Re: [cabfpub] [EXTERNAL]Re: Revised Notice of Review Period - Ballot 198 - .Onion Revisions

[Ben Wilson via Public]

In response to Jeremy’s post, the Governance Reform WG could re-examine 
sections 2.2 and 2.3 of the Bylaws and make suggested improvements as the WG 
works on other sections of the Bylaws.  The goal would be to write clearer 
rules on how ballots are to be submitted, interpreted, and incorporated into 
guidelines.

 

In response to Ryan’s comments below, I would like to emphasize the importance 
of the redlined version—it is by looking at how proposed edits to the official 
text (in between motion begins and motion ends), will be incorporated into the 
document that the ballot proposer (and we, who should all be reviewing the 
redline) can spot any inconsistencies.  These inconsistencies happen too often, 
and we should be looking at ways to minimize their occurrence.  (Also, if you 
have a ballot, there are currently two ways to create a redlined version—Github 
and Word versions on the wiki.)

 

From: Public [mailto:public-boun...@cabforum.org] On Behalf Of Ryan Sleevi via 
Public
Sent: Tuesday, May 16, 2017 2:00 PM
To: Kirk Hall <kirk.h...@entrustdatacard.com>
Cc: Ryan Sleevi <sle...@google.com>; CA/Browser Forum Public Discussion List 
<public@cabforum.org>
Subject: Re: [cabfpub] [EXTERNAL]Re: Revised Notice of Review Period - Ballot 
198 - .Onion Revisions

 

Right, to be clear, I was not suggesting you made a mistake. You did everything 
by the book :)

 

Rather, your Review Notice included the balloted text (motion begins/motion 
ends), but not the redline.
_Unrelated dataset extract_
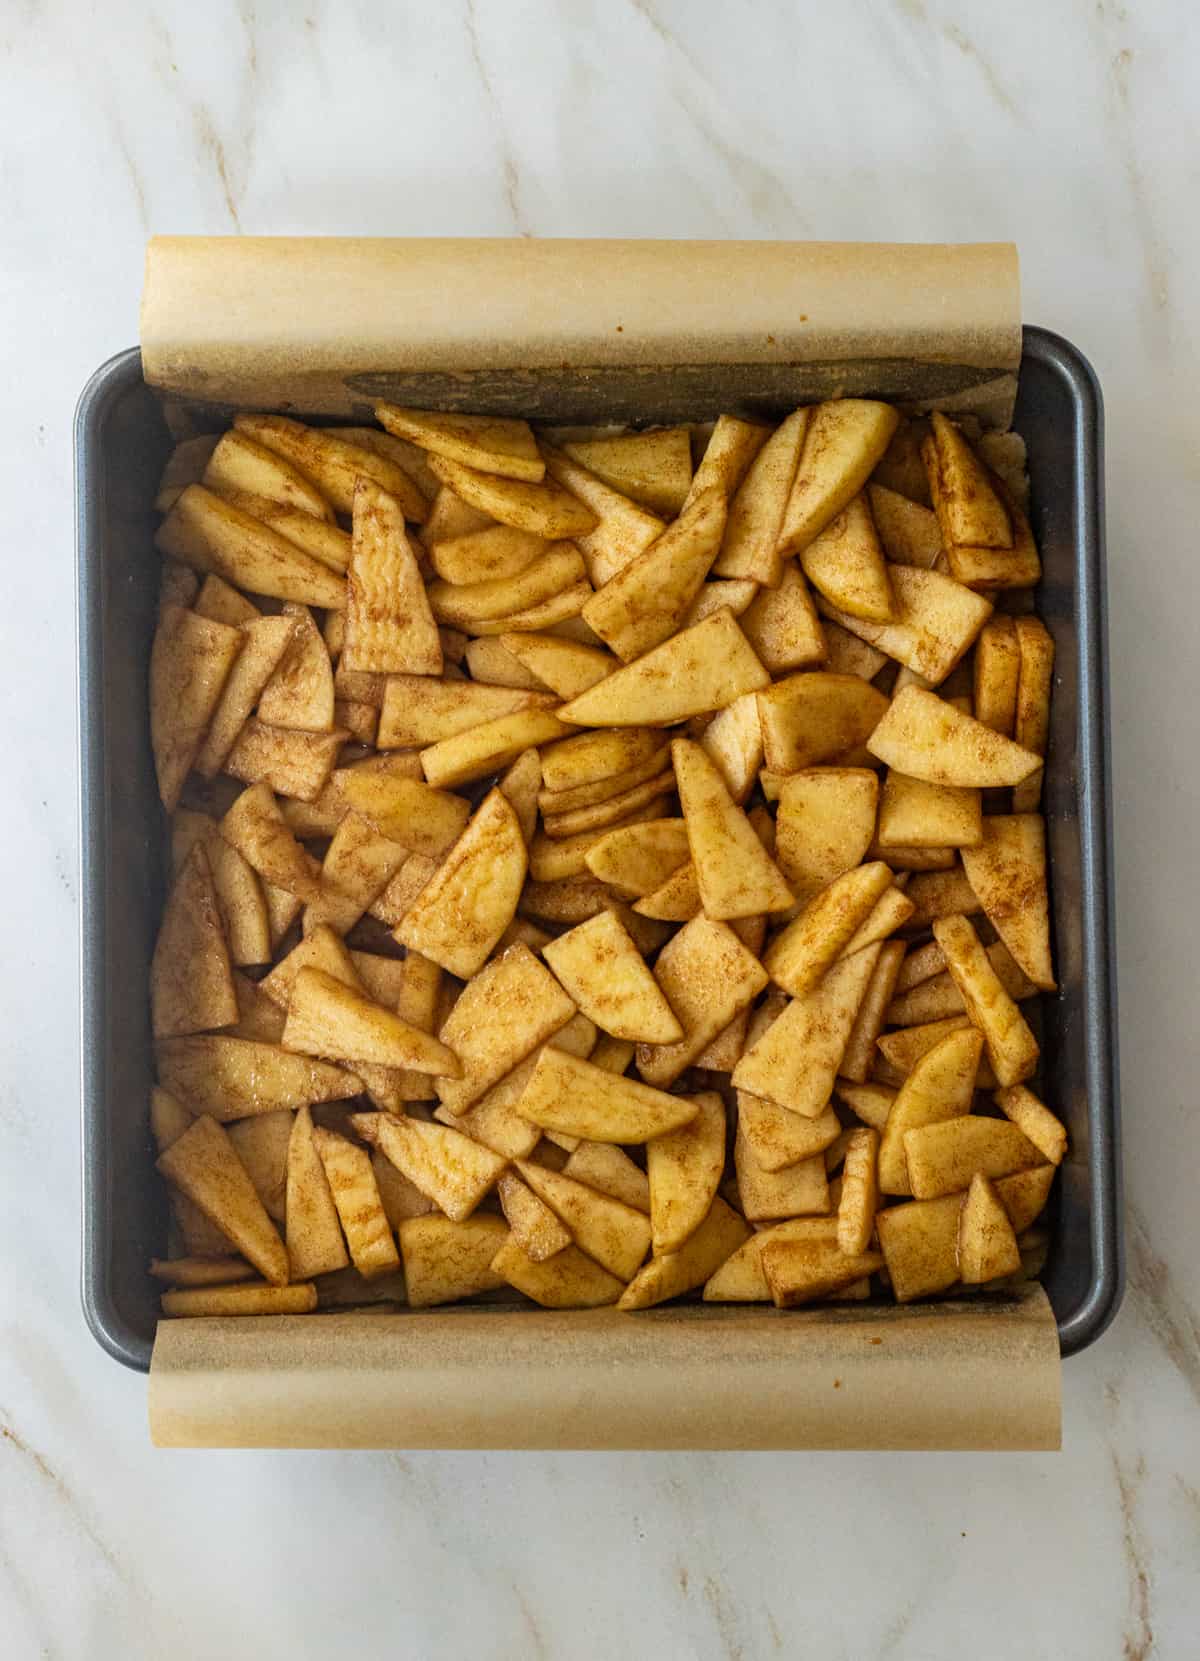 Cinnamon apple slices in a parchment lined baking dish.

In Jeremy's "ballot-thing" (for I don't know what 
we want to term it), there was the text you included - and the redline.

 

This is one of those ambiguities in the Bylaws and IP Policy that I was trying 
to call out. Is the Ballot (e.g. the thing called Ballot in the Bylaws) 
https://cabforum.org/pipermail/public/2017-April/010706.html ? If so, then the 
Ballot is 'both' the text you included, and the redlines. In Jeremy's case, the 
two were in conflict - the redline presented something different than the 
motion text. The Bylaws describe a Ballot as including a redline/comparison 
(which Jeremy did), but it's different than what the motion begins/ends text 
says.

 

I can't seem to find any requirements on the form of Review Notice, but it 
sounds like we're in agreement that, regardless of what the Review Notice 
states, what it applies to is "the Ballot". If we agree the Ballot is the 
motion begins/ends text (e.g. what you've published in the Review Notice, and 
what was voted on), then that's what it applies to. If we agree the Ballot is 
on the redline text (e.g. what Ben shared), then the Review Notice and the 
Ballot are different, but the Ballot still supercedes the Review Notice.

 

On Tue, May 16, 2017 at 3:43 PM, Kirk Hall <kirk.h...@entrustdatacard.com 
<mailto:kirk.h...@entrustdatacard.com> > wrote:

I have not followed all the details of this discussion, but I will offer my 
opinion on one point: any errors in the Review Notice do not affect the ballot 
or results of voting on the ballot.

 

For this ballot, if I included the wrong text in the Review Notice, can Jeremy 
please send me the correct text and I will circulate a corrected Review Notice 
and start the voting over again.

 

I typically look for the original ballot on the list from the proposer that 
started the process (plus any revisions that occurred during the discussion 
period), and put that in the Review Notice after a successful vote.  I’m not 
sure if that caused a mistake here.

 

From: Public [mailto:public-boun...@cabforum.org 
<mailto:public-boun...@cabforum.org> ] On Behalf Of Ryan Sleevi via Public
Sent: Tuesday, May 16, 2017 11:39 AM
To: CA/Browser Forum Public Discussion List <public@cabforum.org 
<mailto:public@cabforum.org> >
Cc: Ryan Sleevi <sle...@google.com <mailto:sle...@google.com> >
Subject: [EXTERNAL]Re: [cabfpub] Revised Notice of Review Period - Ballot 198 - 
.Onion Revisions

 

As Ben has highlighted, the result of 198 created a new set of issues.

 

Kirk's original message includes the full text of the ballot (MOTION BEGINS), 
which, unfortunately, used text different from what was adopted in Ballot 144 
(and part of the current EVGs) when Jeremy made his modifications.

 

In examining 198 - https://cabforum.org/pipermail/public/2017-April/010706.html 
- it's clear in Jeremy's redlined versions (which, mistakenly, I reviewed as 
truth), the 'intent' was a small change. See 
https://cabforum.org/pipermail/public/attachments/20170424/80683ba2/attachment-0001.pdf

 

However, as Balloted, it requires a full replacement of the text adopted in 
144, in a way that's structurally incompatible with the ASN.1 encoding.

 

Worse, this is something that was discussed during the voting reform 
discussions - both situations where redlines and text differ (as in this case) 
and questions about redlining as 'source of truth'. We tried to address it as 
best as possible, but also somewhat punted the issue as unlikely :)

 

I think it's worth highlighting this concern broadly, because we have several 
possible interpretations:

 

1) The MOTION BEGINS/MOTION ENDS is authoritative (e.g. as Kirk has distributed)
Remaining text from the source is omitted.